We'll create an object to represent the Hacker News homepage called Index:
class Index
URL = "http://news.ycombinator.com"
def initialize
@page = Page.new(URL)
end
def urls
links = @page.links.select { |link| link.start_with?("http") }
links[1..25]
end
end
This object is composed of a Page and has a method to return 25 of the
absolute urls scraped from the HTML. This is a small cheat to exclude
internal navigation links from the header.
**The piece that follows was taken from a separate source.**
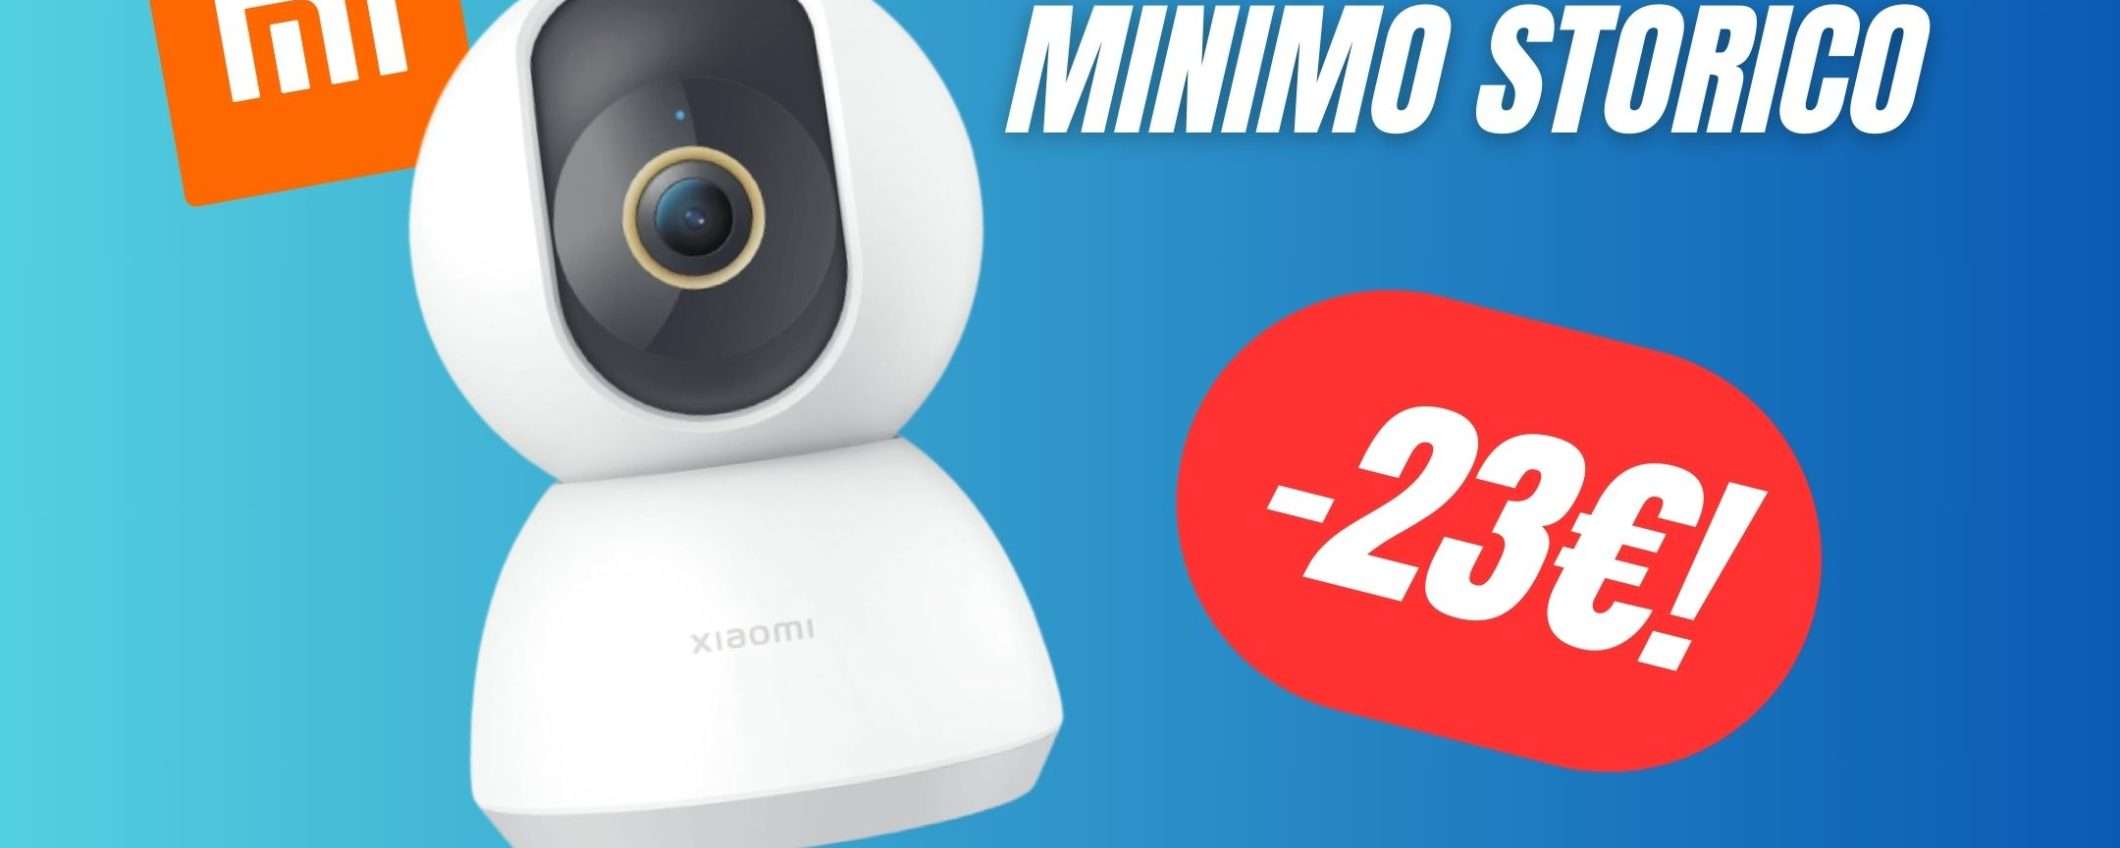 MINIMO STORICO per questa Videocamera di Sicurezza Xiaomi! (-23€)

Next we'll put together a simple Crawler to use these objects to get the
content from Hacker News. Our first stab at this will be synchronous so each
page will be fetched in serial:
class Crawler
def initialize(index)
@index = index
end
def crawl
pages.each do |page|
Outputter.new(page).output
end
end
private
def pages
@index.urls.map do |url|
Page.new(url).get
end
end
end
The Crawler expects an Index object which responds to urls to be passed
into its initializer. Once it gets each page it'll pass that to Outputter: a
pretty printer used to display our contents neatly to the terminal. We'll use
the HighLine gem to handle most of the real work:
require "highline"
class Outputter
OUTPUT_WIDTH = 79
def initialize(page)
@page = page
end
def output
highline.say("-" * OUTPUT_WIDTH)
highline.say(@page.title)
highline.say("-" * OUTPUT_WIDTH)
highline.say(@page.paragraphs.join("\n\n"))
highline.say("\n\n")
end
private
def highline
@highline ||= HighLine.new($stdin, $stdout, OUTPUT_WIDTH)
end
end
Finally, we'll glue together a small script to introduce our Crawler and
Index and drive our program:
require "future"
require "crawler"
require "index"
require "page"
require "outputter"
Crawler.new(Index.new).crawl
Since we're doing this synchronously, let's use time to figure out how long
this takes to run:
jp@oeuf:~/workspace/crawler$ time ruby ./crawl
-------------------------------------------------------------------------------
The Quiet Ones - NYTimes.com
-------------------------------------------------------------------------------
EVER since I quit hanging out in Baltimore dive bars, the only place where I
still regularly find myself in hostile confrontations with my fellow man is
Amtrak’s Quiet Car. The Quiet Car, in case you don’t know, is usually the first
car in Amtrak’s coach section, right behind business class. Loud talking is
...
real 0m32.405s
user 0m2.403s
sys 0m0.161s
Pretty pokey. Now let's use our Future object to run the requests. We'll
modify Crawler to wrap each Page#get call in a future block.
class Crawler
...
private
def pages
@index.urls.map do |url|
future { Page.new(url).get }
end
end
end
Let's run it again using time:
jp@oeuf:~/workspace/crawler$ time ruby ./crawl
...
real 0m6.942s
user 0m2.296s
sys 0m0.164s
It's 4.5x faster because each request starts when we call future and happens
concurrently. It's like 25 people making a phone call at the same time versus
one person making 25 phone calls one at a time.
This finished command line application is on GitHub.
Our Concurrent Futures
The continued emphasis on service-oriented systems and the reality that we're likely to keep getting more cores rather than faster processors in our computers will make concurrency tools even more important when building our applications. Patterns like futures allow us to more easily reason about what's actually happening in a concurrent program. While our naive implementation isn't suitable for real world use due to its lack of any error handling or the absence of a pool of threads, the Celluloid library has a futures implementation that is ready to be used in your production applications.